My off-campus apartment was the party hub that year. The place was named the Casbah, so we were almost contractually obligated to rock it. My drink was Keystone Light. You could buy two six-packs of tall boys for five bucks at the Fiesta Mart—the equivalent of 16 beers for the price of a Wendy’s value meal, which turned Keystone into the unofficial sponsor of our ragers.
That’s what we called our parties: “ragers.” A word associated with anger and weather systems, which is appropriate given the state of our living room the next day. Halogen lamp kicked over, beer bottle floating in the fish tank. What the hell raged through here last night? Oh, yes. It was us. We raged.
It was during one of these ragers at my apartment that Mateo and I had sex. At the time, we were in a play together, and we would sit in the dressing room before and during the show, knees brushing thighs. The flirtation had been building for weeks, but I needed some inciting incident. A match thrown on our diesel fuel. We were outside on the walkway of my crumbling cinderblock complex. I was chain-smoking, one cigarette lit on the tail end of another. And I said to him, with the confidence of six beers, “I bet you won’t kiss me right now.”

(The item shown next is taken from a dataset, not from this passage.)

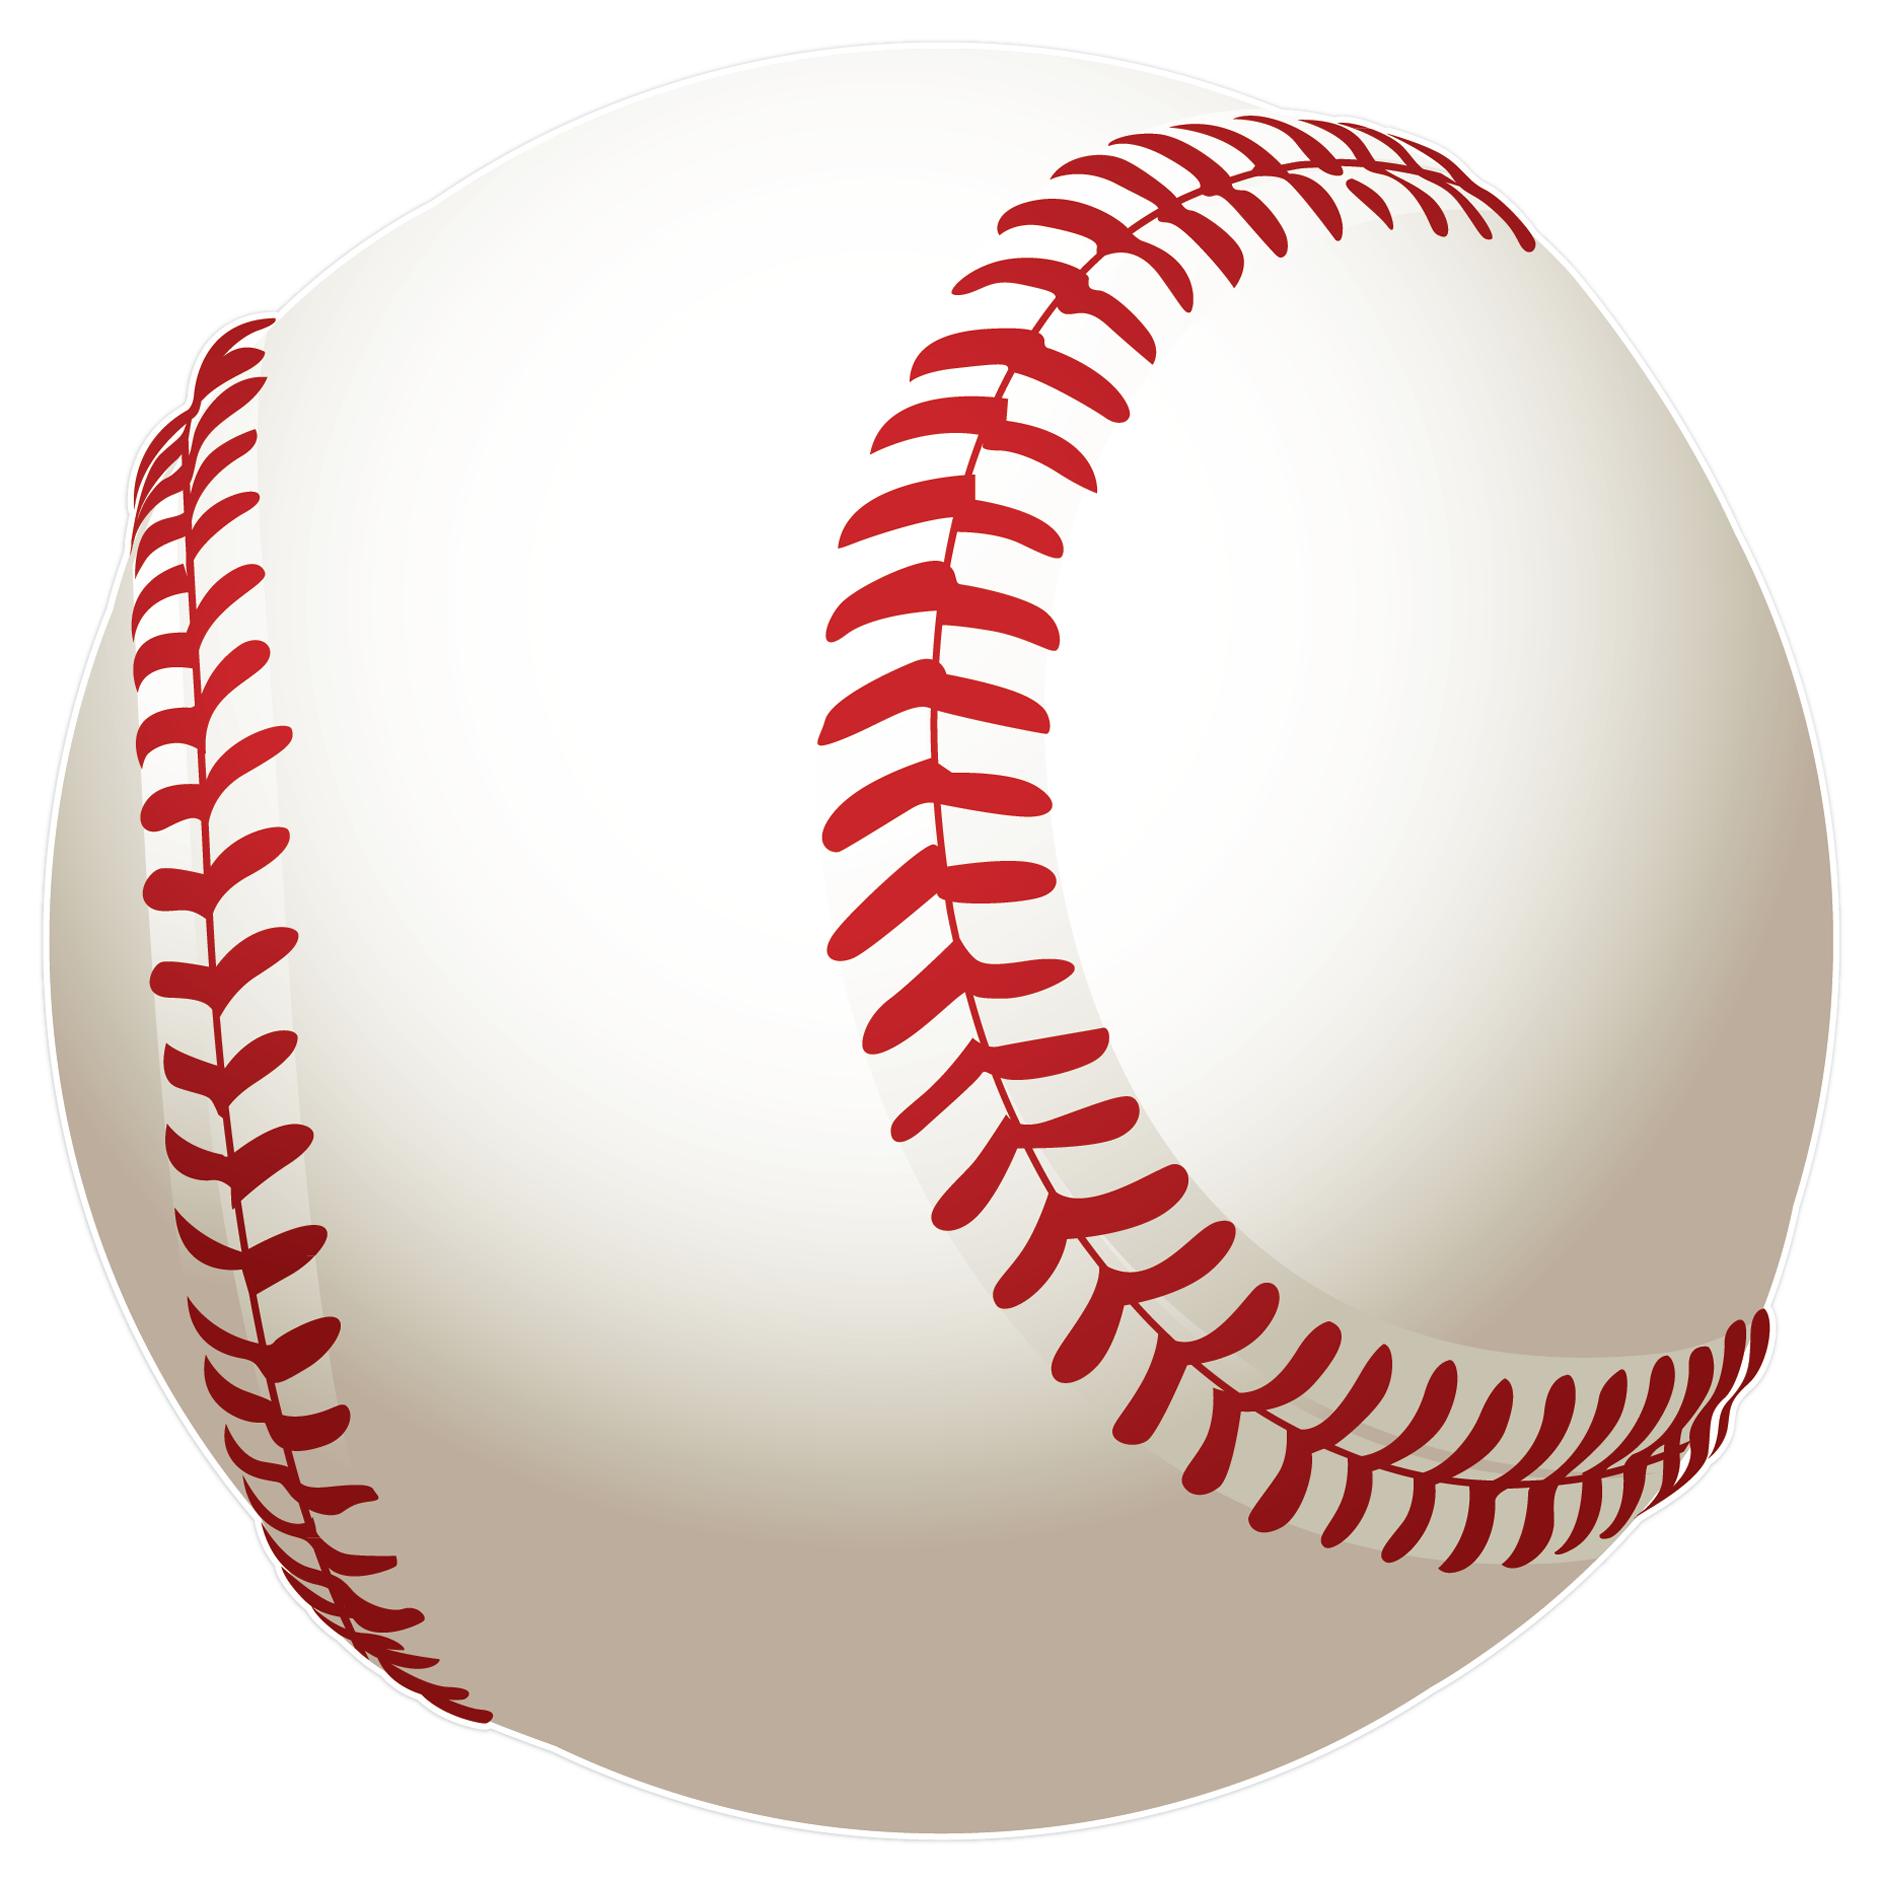 Png Transparent Baseball Background #35358.

He was leaning against the wall. His forehead rippled as he looked up, all squint and slouch. He looked at the parking lot, at the dozens of people around us. He looked everywhere but at me. Then he said, “I don’t think you’re going to win that bet.”
The idea of coming on to men was new. In high school, this would never have occurred to me. I had waited for Miles to kiss me, for months that felt like years. My coquettish signaling: sit next to him in class, play with my hair, cross my legs so they looked thinner. I read the tea leaves of his every gesture. He called me last night. What does it meeaaaan? This was how I understood seduction. Keep inviting the guy closer, but sit still until he pounces.
College flipped that script. The new imperative: If you want a guy, go after him. What’s stopping you? We didn’t use words like “feminism”—a fussy term for earlier generations, like “consciousness-raising” or the ERA—but it was understood that we ran with the boys. Argue with them. Challenge their ideas about sex and Ernest Hemingway, because they’d been holding the megaphone for too long, and we needed to wrest it from their grip. I even wore cologne. Calvin Klein’s Obsession for Men. And slathering my neck in that rich, oaky musk gave me a kinky thrill, like I’d been rubbing up against some low-rent Johnny Depp.
But my lessons in women and power did not extend to the classroom. I was not a hand raiser of any kind. I took a C in my Literature After the Holocaust seminar, because I couldn’t force myself to open my mouth, despite participation being 25 percent of the grade. I ran into the professor on campus one day. She had dreads and a wry smile. I didn’t even know they made professors this cool. We chatted for a bit, and she said, “I don’t get it. Why didn’t you ever talk in class?” And I blushed and said, “I’m shy,” and she said, “Well, you shouldn’t be.”
No, I shouldn’t be. I wasn’t meant to be. And on the balcony of my apartment, I was not. Under cover of night and Keystone tall boys, I was full of righteous fire and brimstone. How I loved the taste of conviction in my mouth.